They’re free and widely available — the only hindrance is your drive to pursue them. 

On the edges of the new El Impenetrable National Park, I met a group of women who, in addition to building infrastructure to define the influx of tourism themselves, were gathering algarroba to inject new value into old recipes

The pods are dried, toasted in a wood oven, and ground into a clumpy, sweet smelling flour. But the entire fruit can’t be pulverized. A leftover coarse grind is unfit for cooking but perfectly suitable for making whiskey. 

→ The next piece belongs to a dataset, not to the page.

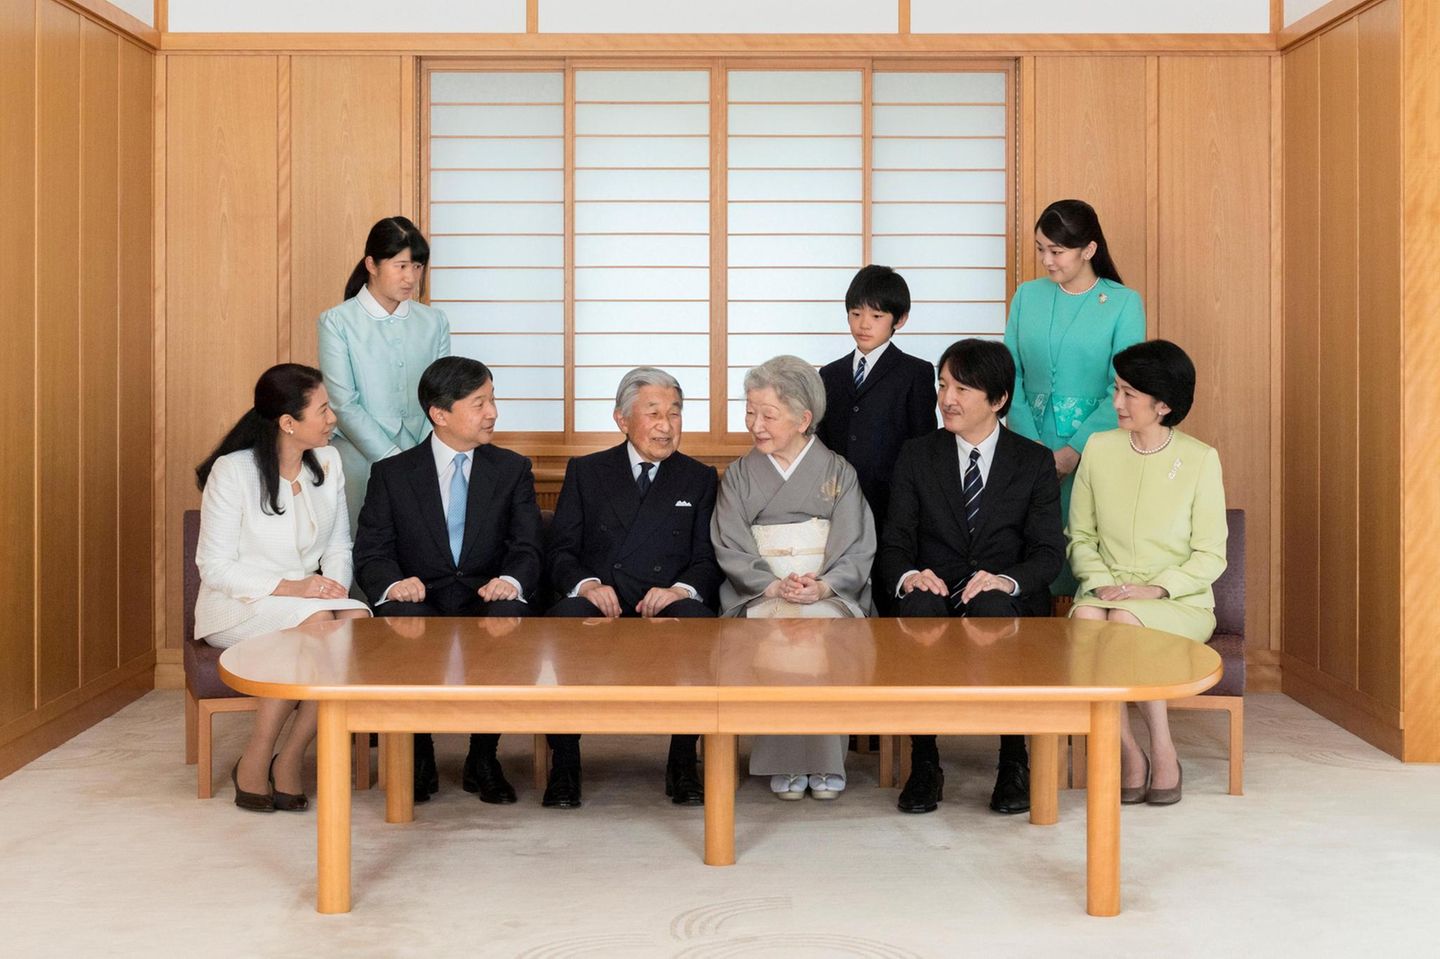 1. Januar 2018  Bitte recht freundlich: Die japanische Kaiserfamilie um Kaiser Akihito hat sich im November versammelt für das alljährliche Neujahrsfoto.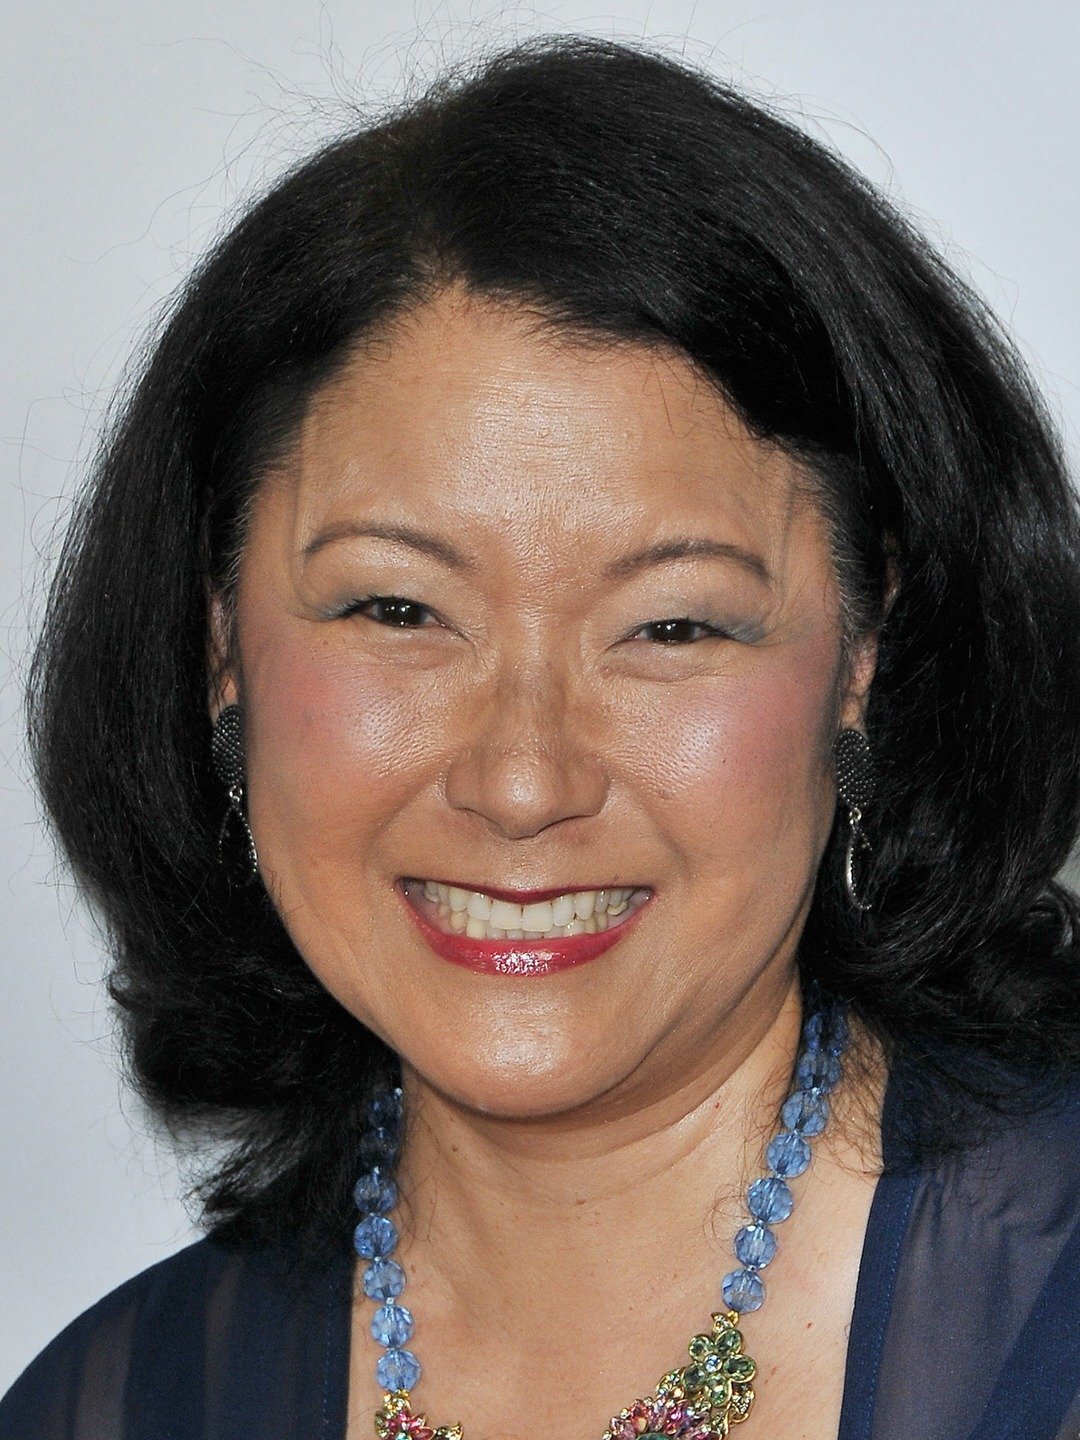 Patti Yasutake

Alina Ruíz, the chef responsible for the park’s food and nutrition program, initially imagined an ice cream. But as is the fate of too many indigenous ingredients, she couldn’t find an interested local collaborator. So together with algarroba collected from her farm and restaurant, she sent the leftovers 2000 kilometers south to chef, vermouth maker, and distiller Carlo Puricelli in the steppe plains of Río Negro. A little more than a year after watching the algarroba be toasted and ground, I stood in the kitchen of Del Sur, Carlo’s restaurant, to make a small batch of aguardiente (because whiskey orthodoxes complained about the absence of cereal grains) in a small copper still. The finished product is brown like butterscotch, smells vaguely of cacao, and packs the punch of a rye.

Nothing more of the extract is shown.